We had our dinner with champagne (which I forgot to chill). I meant to make an almond apple tart, but gave in to reason and exhaustion and settled for some extra vanilla ice cream we had in the fridge topped with leftover berries from breakfast and some Christmas cookies. It was a nice blend between rich foods that felt special, and not so many dishes that cooking and washing up took half of the holiday.
Two days later after the Man’s mother had left for Canada and his teenage sisters arrived for a few days I used the leftover ribs to make soup, starting loosely from this recipe. Placed the ribs and one last leftover bit of meat in a large pot, filled with water to cover, brought to a boil, then left to simmer, covered, about two hours with occasional checks. Pulled the meat out and pulled it off the bones and cut it up, then put it in the fridge to wait. Brought the broth to a full boil and kept it going til reduced by about 1/2. Poured in an extra quart of beef broth, the reserved meat, 8 oz mushrooms, a couple peeled and chopped carrots, three or four peeled and chopped potatoes, a couple stalks of rosemary, some thyme, a few diced cloves of garlic, baby onions (peeled first by cutting an x in the end, dropping in boiling water for a minute, then slipping the skins off) and some worcestershire sauce, then simmered it all about 20 minutes and salted and peppered to taste. It was tasty the first night, but was awesome the second night when I remembered to stir in some of the sauce from the original roast (a red wine/beef broth/browned pan bits sauce). Definitely made the difference between a nice regular soup and something special.

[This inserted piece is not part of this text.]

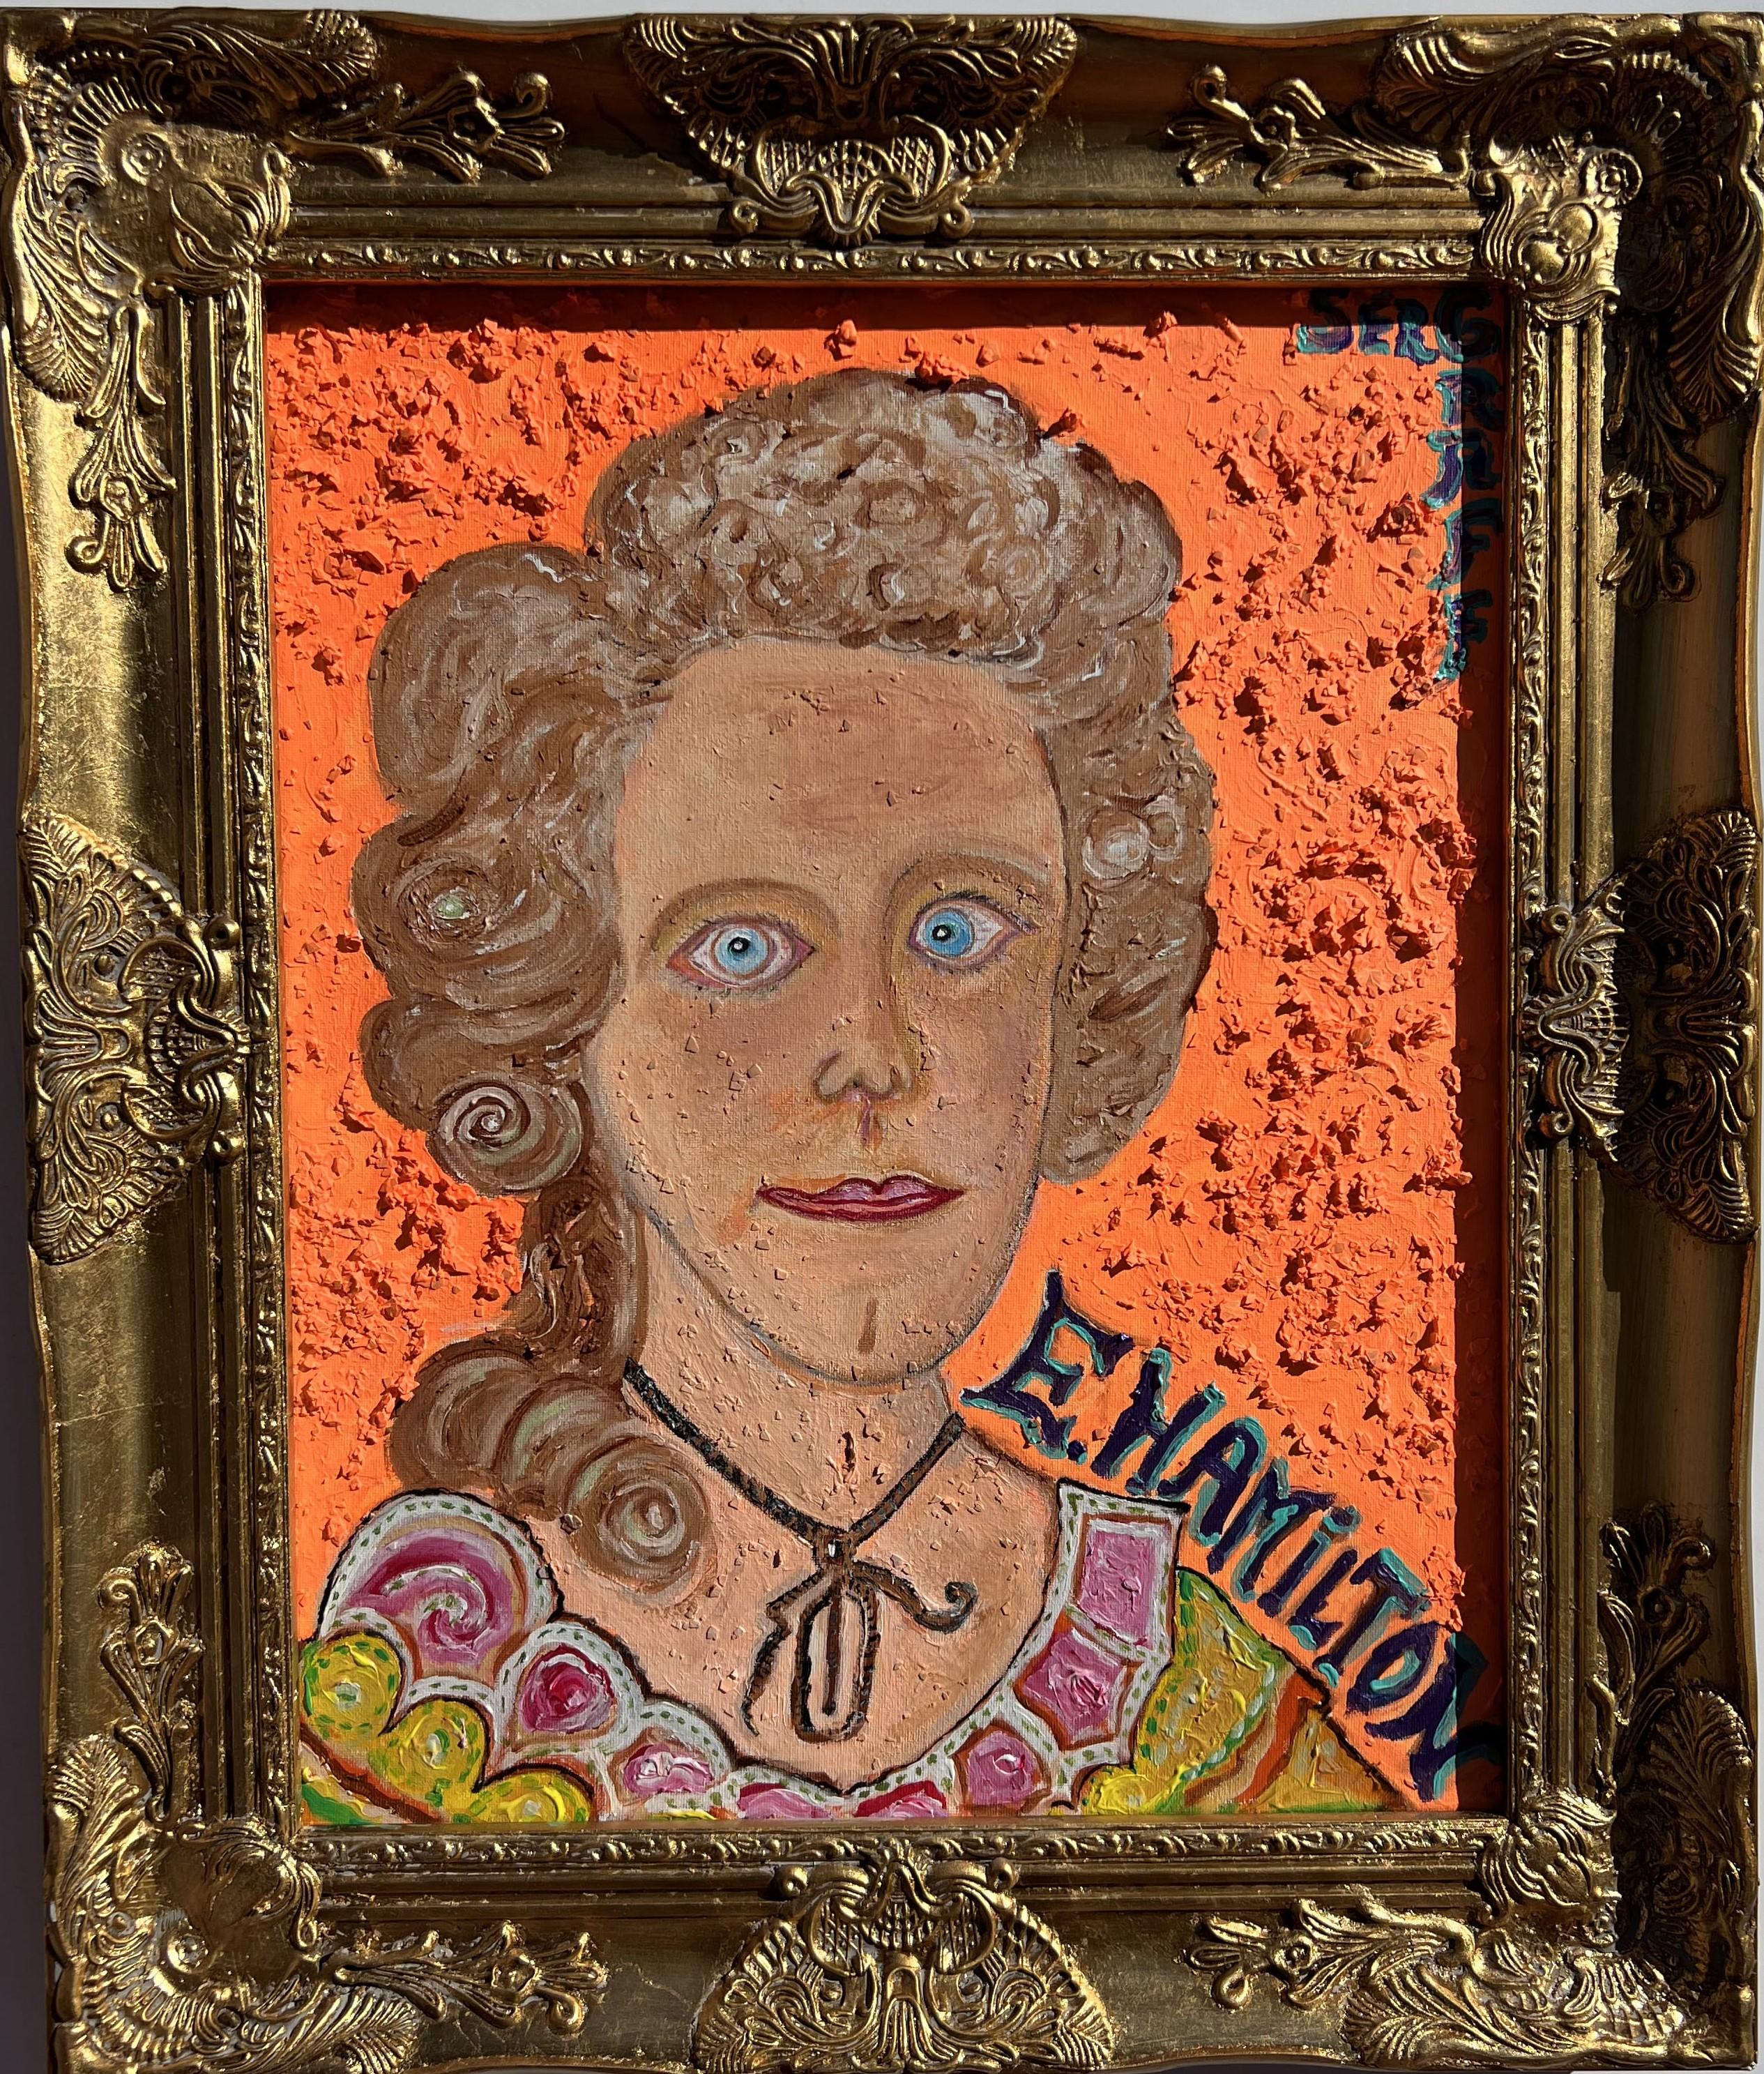 This is a rare unique original acrylic/oil painting on canvas in a naive primitivism style depicting Elizabeth Hamilton (1757-1854) the spouse of Alexander Hamilton (1757-1804) - one of the Founding Fathers of the United States.

Present in an

We got about 8 adult-sized servings out of it, although this could easily vary depending on how much you thin it with broth or how many extra veggies you use.
We’re not doing anything special for New Year’s Eve as the Man is on call at the hospital. Nobody has energy to party after wrangling tiny children solo for twelve hour stretches, or dragging home from the wards late at night with a 4:00a.m. alarm for work the next morning. We shall celebrate by sleeping. May you have a happy, lovely, and blessed New Year!